The unpublished paper by Smyth, Greenwald, and Nosek [7] indicates, based on two IAT studies including over 110,000 college graduates and students, that the male students who have the strongest automatic association between men and science are the most likely to major in these fields, while women with similarly strong associations were least likely to do so. This would be consistent with the results in the UTC course, as most of the respondents were men in technical fields. The study [7] also indicated that women who majored in scientific fields tended to have the least automatic association of men with science. Researchers found that “For women in both studies, implicit stereotyping was more strongly related to majoring in STEM [Science, Technology, Engineering, and Mathematics] than was SAT-math performance, an indicator of math ability that is often prominent in models of post-secondary STEM interest and achievement.” This could present questions that are difficult to answer: if the male students in the STEM fields are more likely than the general population to hold stereotypes about the appropriateness of male and female roles in those fields, how does this affect the female students in these majors?
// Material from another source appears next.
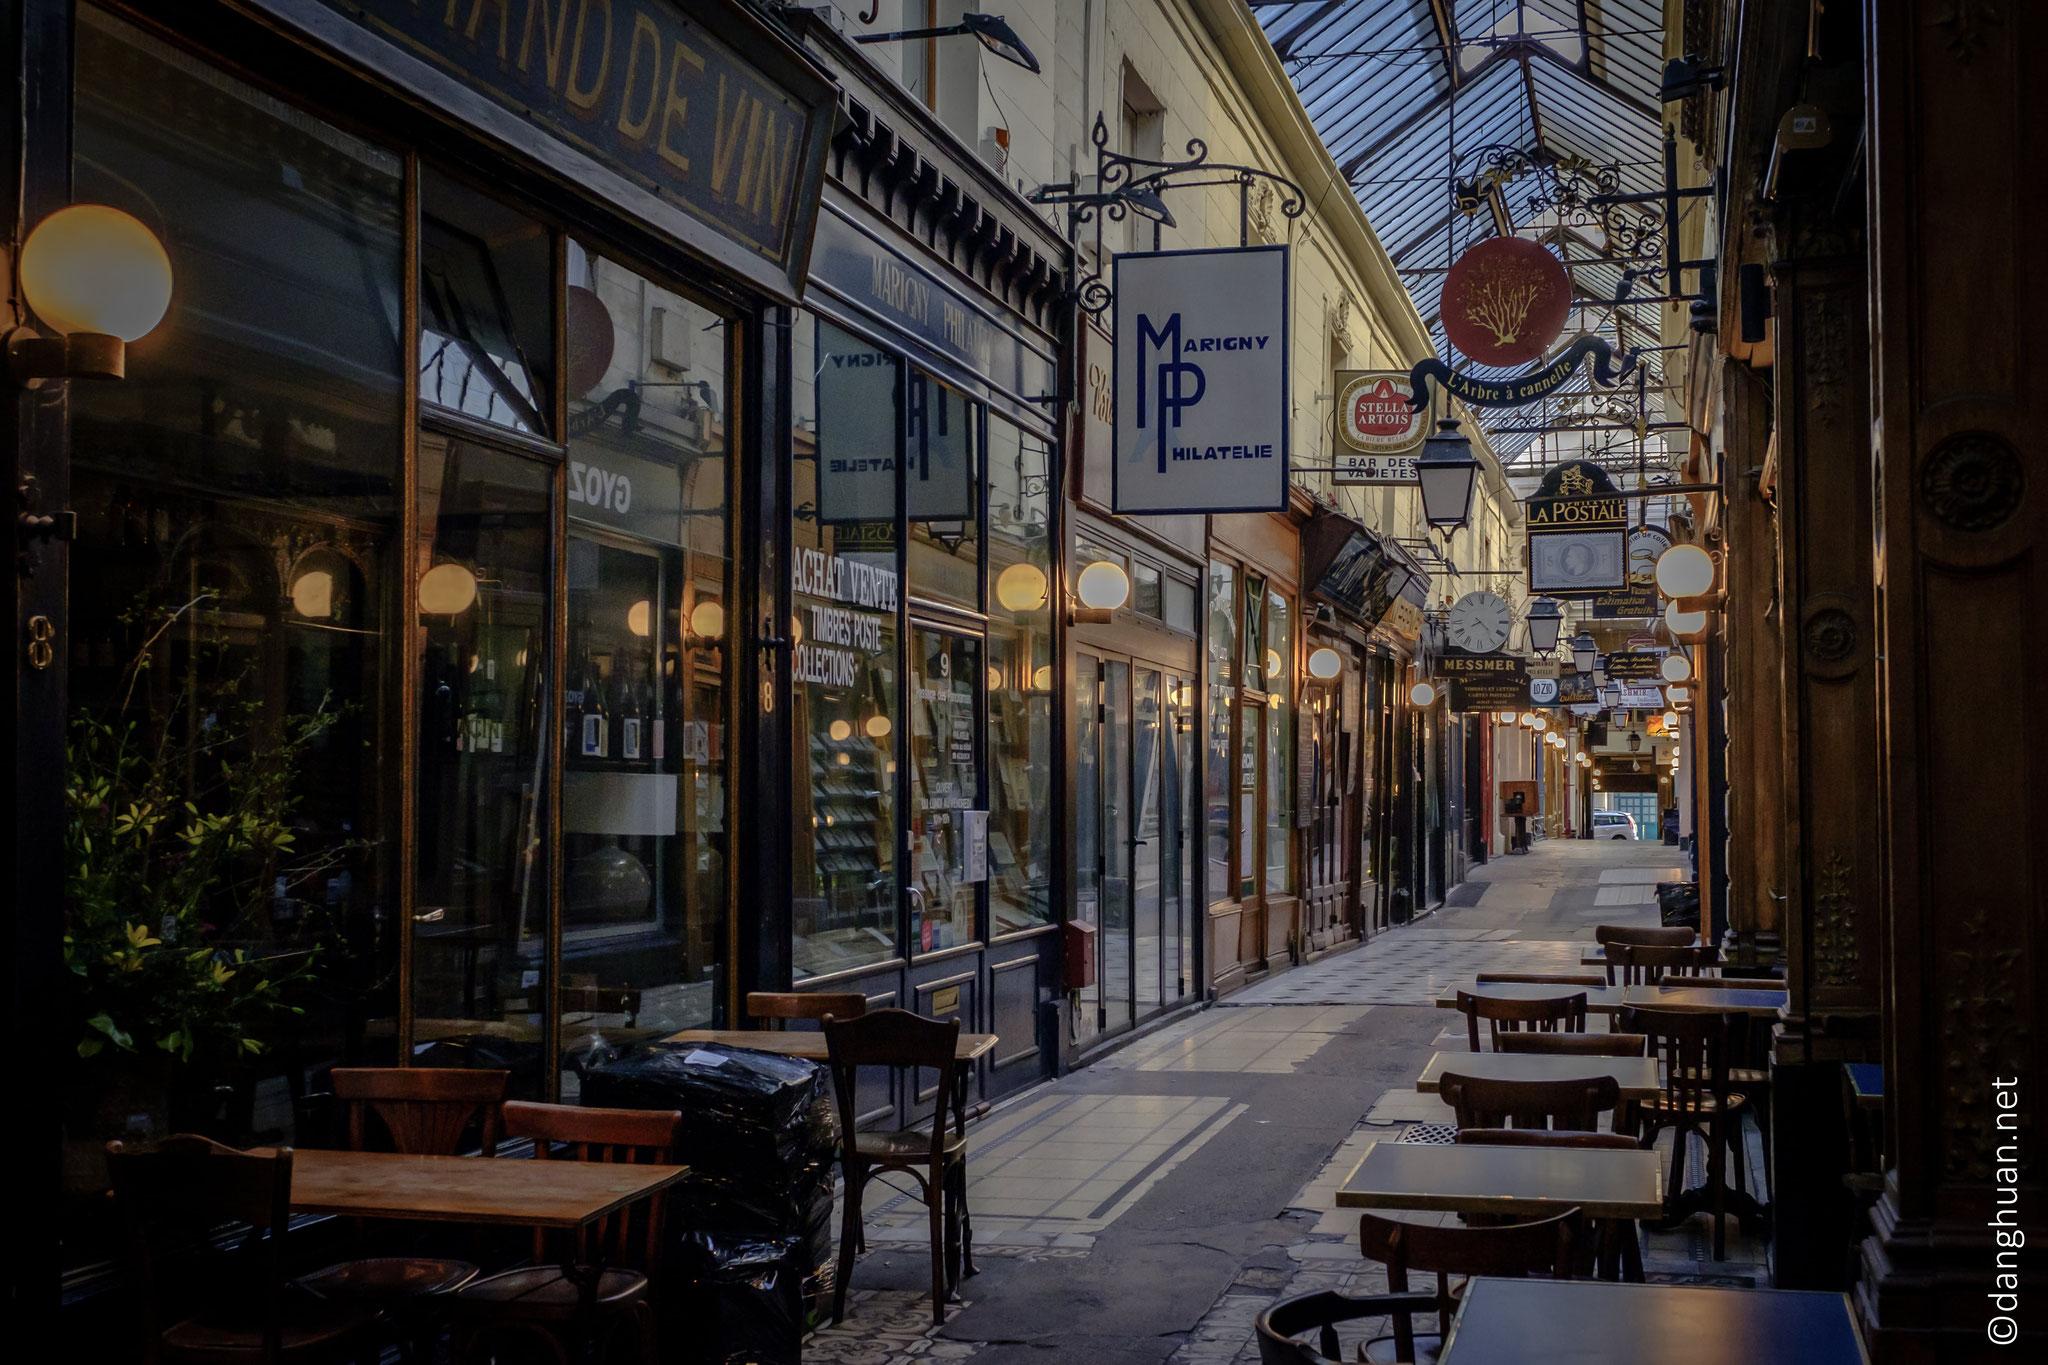 l'artère marchande abrite de nombreux restaurants ...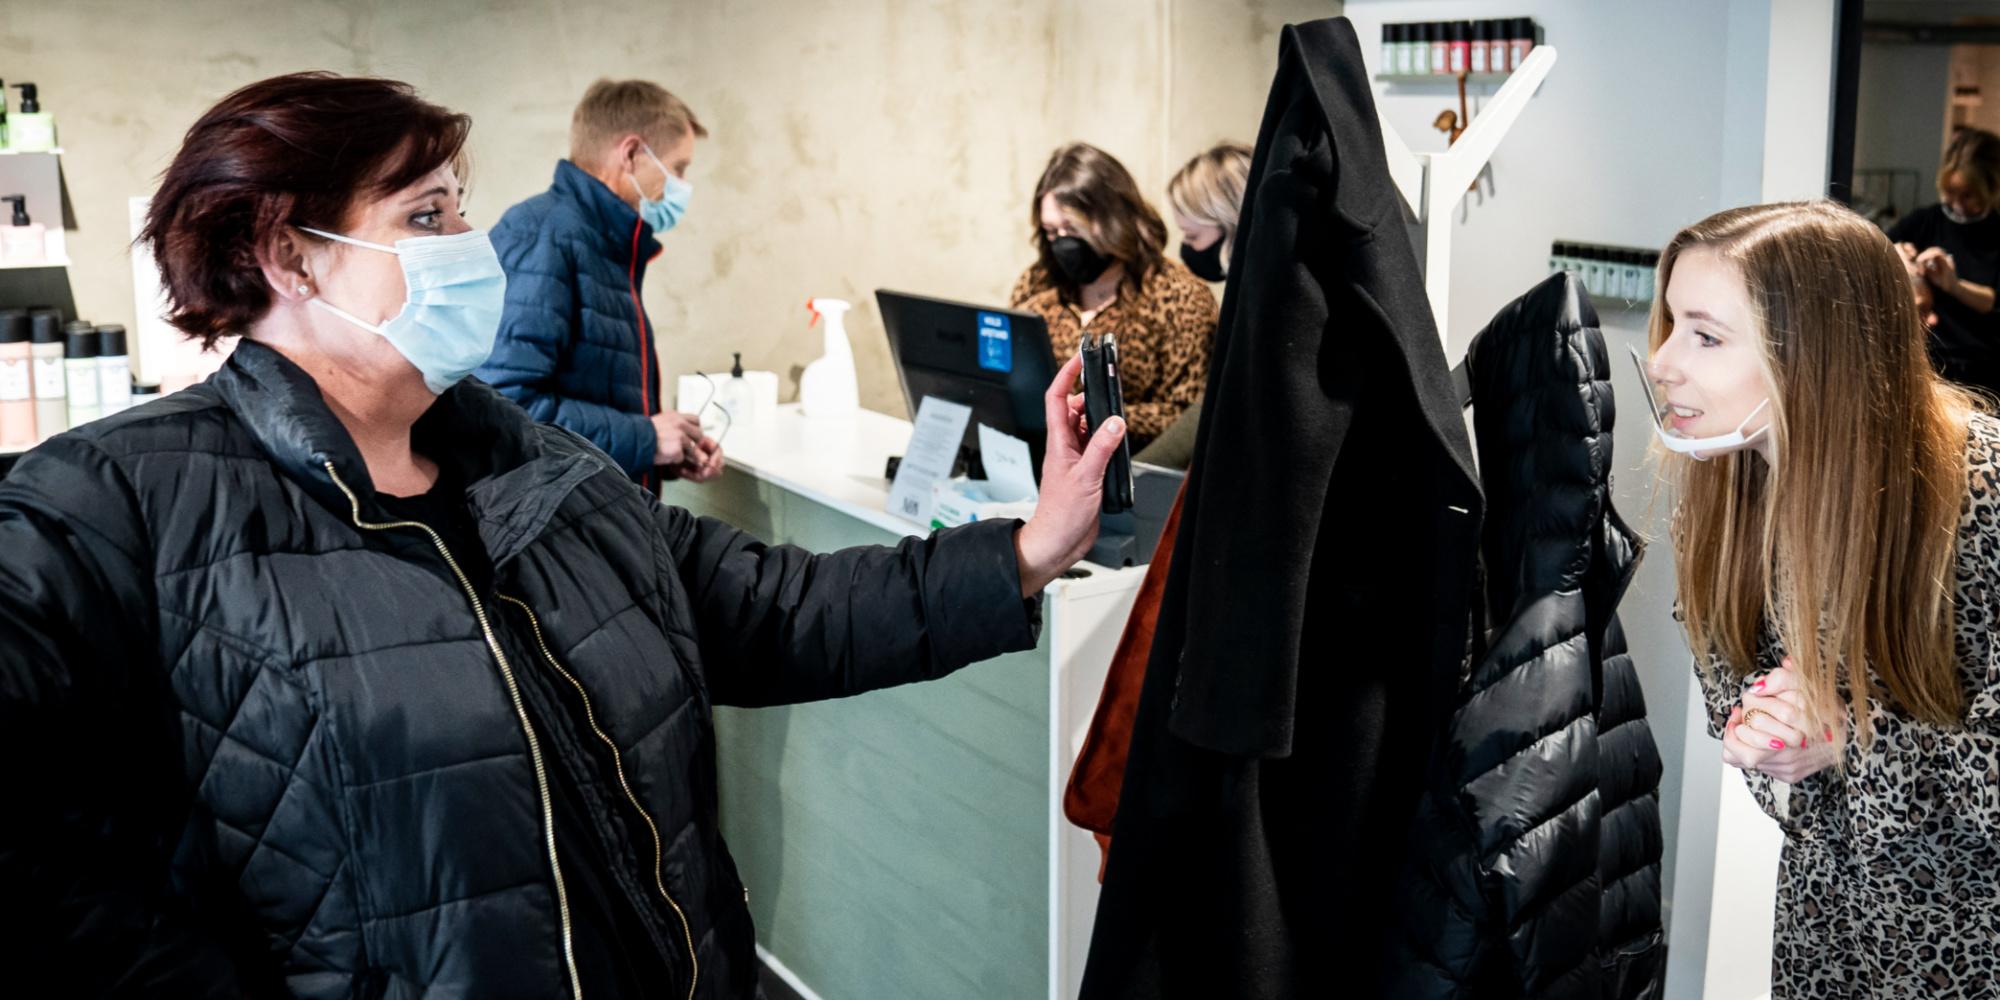 Covid-19 : le Danemark devient le 1er pays de l'UE à utiliser le pass sanitaire

And if stereotypical ideas of appropriateness of females in science are an indicator for which women will go into those fields, how can the number of women in STEM areas be significantly increased, both at the university level and in the profession?

This is especially concerning, as some studies indicate that women’s beliefs of male/female abilities affect women’s performance appreciably. In a study by Spencer, Steele, and Quinn, cited in [2], male and female first year psychology students at the University of Michigan were given a test based on the math portion of the Graduate Record Exam. Although all of the students had similar math abilities and backgrounds, the results varied significantly based on what students were told before the test was taken, as seen in Figure 3. If the students were told that “there were no gender differences in test performance,” male and female performance was very similar, and differences were not statistically significant. However, if the students were told that “men tend to do better,” male performance increased slightly,and female performance decreased very significantly. Although this is only one study, it does suggest that student expectations of male and female performance can affect the level of accomplishment of female students in particular.